Congo Basin Forest Partnership

From Wikipedia, the free encyclopedia
Jump to navigation Jump to search

The Congo Basin Forest Partnership (CBFP) is a non-profit initiative to promote the conservation and responsible management of the Congo Basin's tropical forests.[1] The project aims to improve the techniques and information sharing of involved organizations.[2] It is led by the United States and sponsored by more than 40 international governments and investors.[2]


The CBFP was launched in September 2002[3] at the Johannesburg World Summit on Sustainable Development[4] by U.S. Secretary of State Colin Powell and African government leaders.[5] It was built on the same framework as the Yaounde Declaration, whose stated aim is "to protect forests through the harmonization of forest policies, protected areas, regulations against poaching, and the adoption of practices for sustainable forest use".[3]

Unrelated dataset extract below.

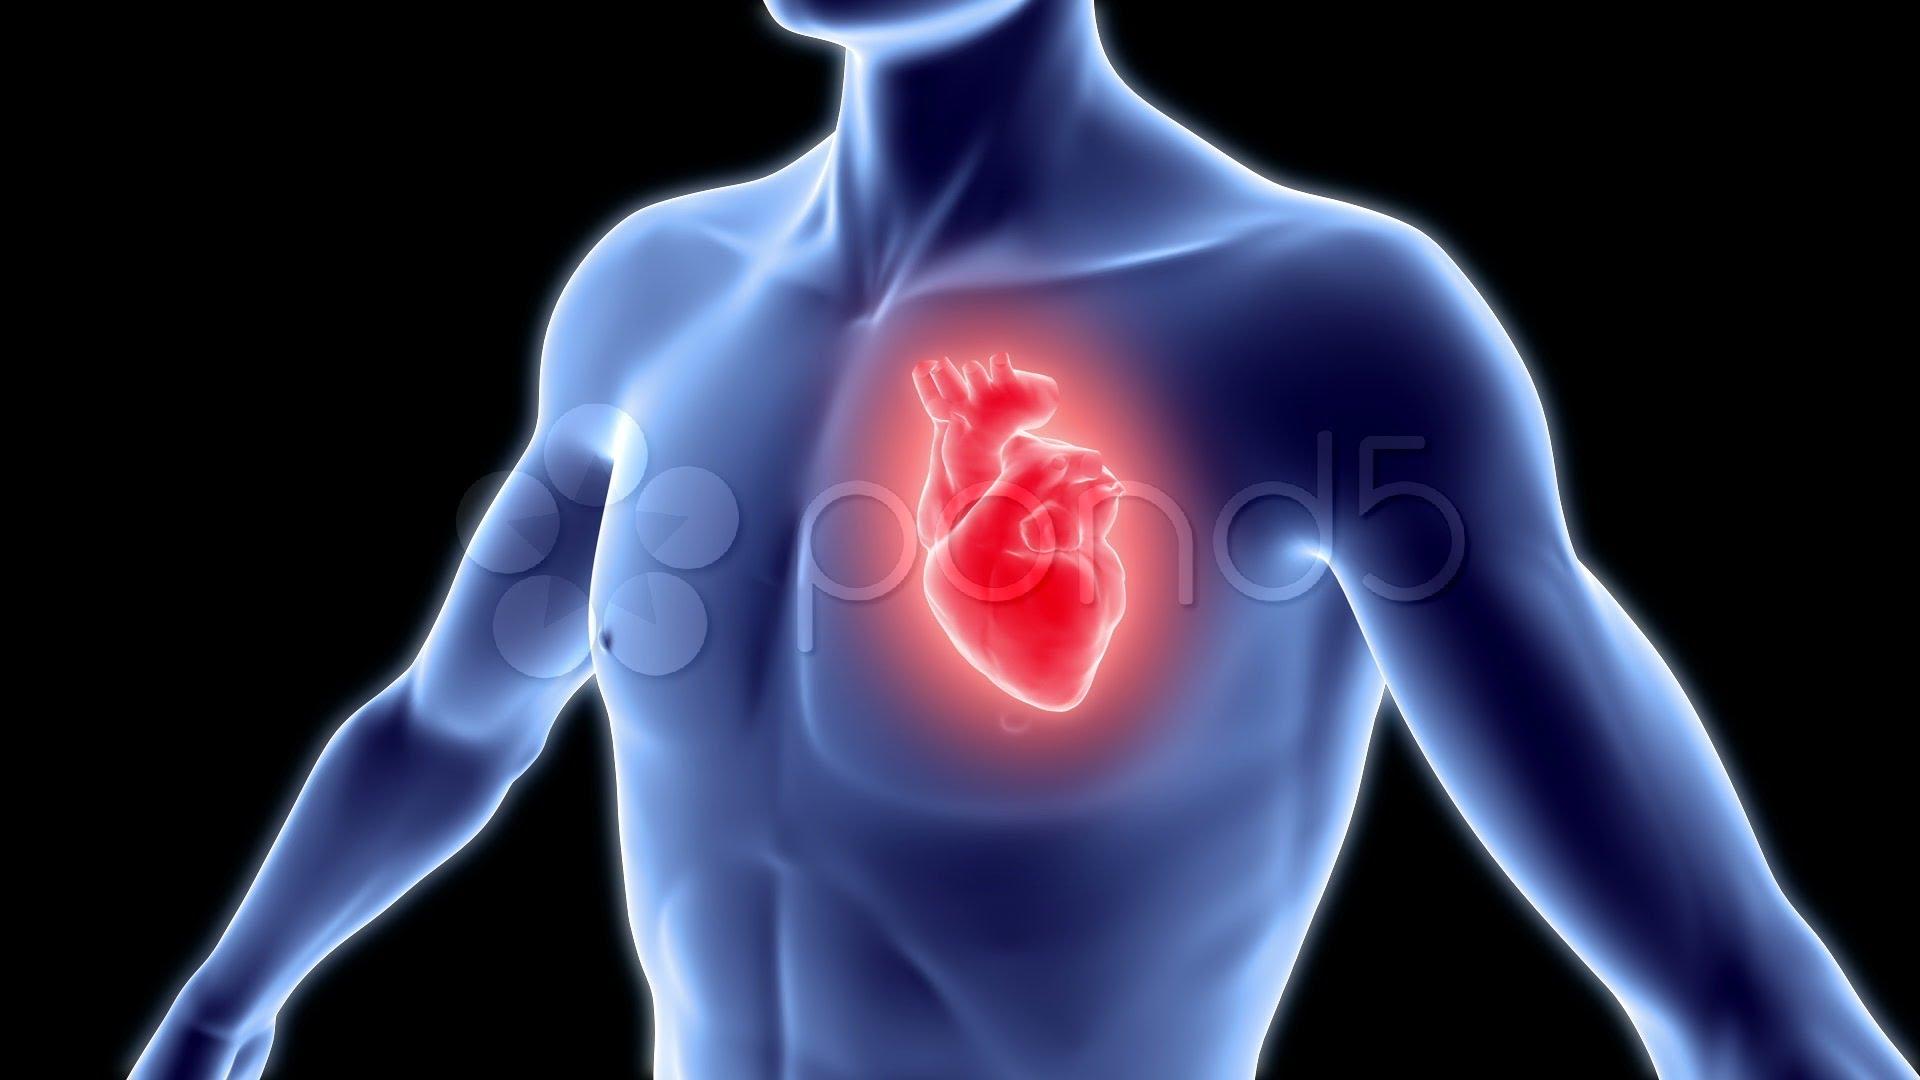 صور صور قلب الانسان , صور توضح شكل القلب

The first meeting of the CBFP took place in Paris, France, in January 2003, and agreed on basic organizational principles, named a facilitator, recognized the Conference of Ministers of Forests of Central Africa as its central political, technical, policy, and decision-making guide, and recognized that Conference's "Plan de Convergence" as the framework for future actions of the CBFP.[3]

In October 2003, the CBFP held a meeting that was open to the public in Yaounde, Cameroon, to discuss the policies and activities of the Conference of Ministers of Forests of Central Africa, which named a co-facilitator for the CBFP at the meeting.[3]

On November 11 and 12, 2003, the Partnership met again in Yaounde to bring together the Central African Forest Commission (COMIFAC), development partners, NGO's, international organizations, and private sector representatives.[6]

On February 12, 2004, U.S. President George W. Bush approved The Congo Basin Forest Partnership Act.[7]

The CBFP met in Douala, Republic of Cameroon on March 1 and 2, 2011.[8] This was followed by a conference on September 13–16, 2011, in Douala on the theme "How can Community Control over Woodlands be Obtained and Maintained?"[9] Meanwhile, on September 14, 2011, the Partnership met in Yaounde to discuss the implementation status of a road map, to examine major challenges in scientific research, and to update the facilitation working plan.[10]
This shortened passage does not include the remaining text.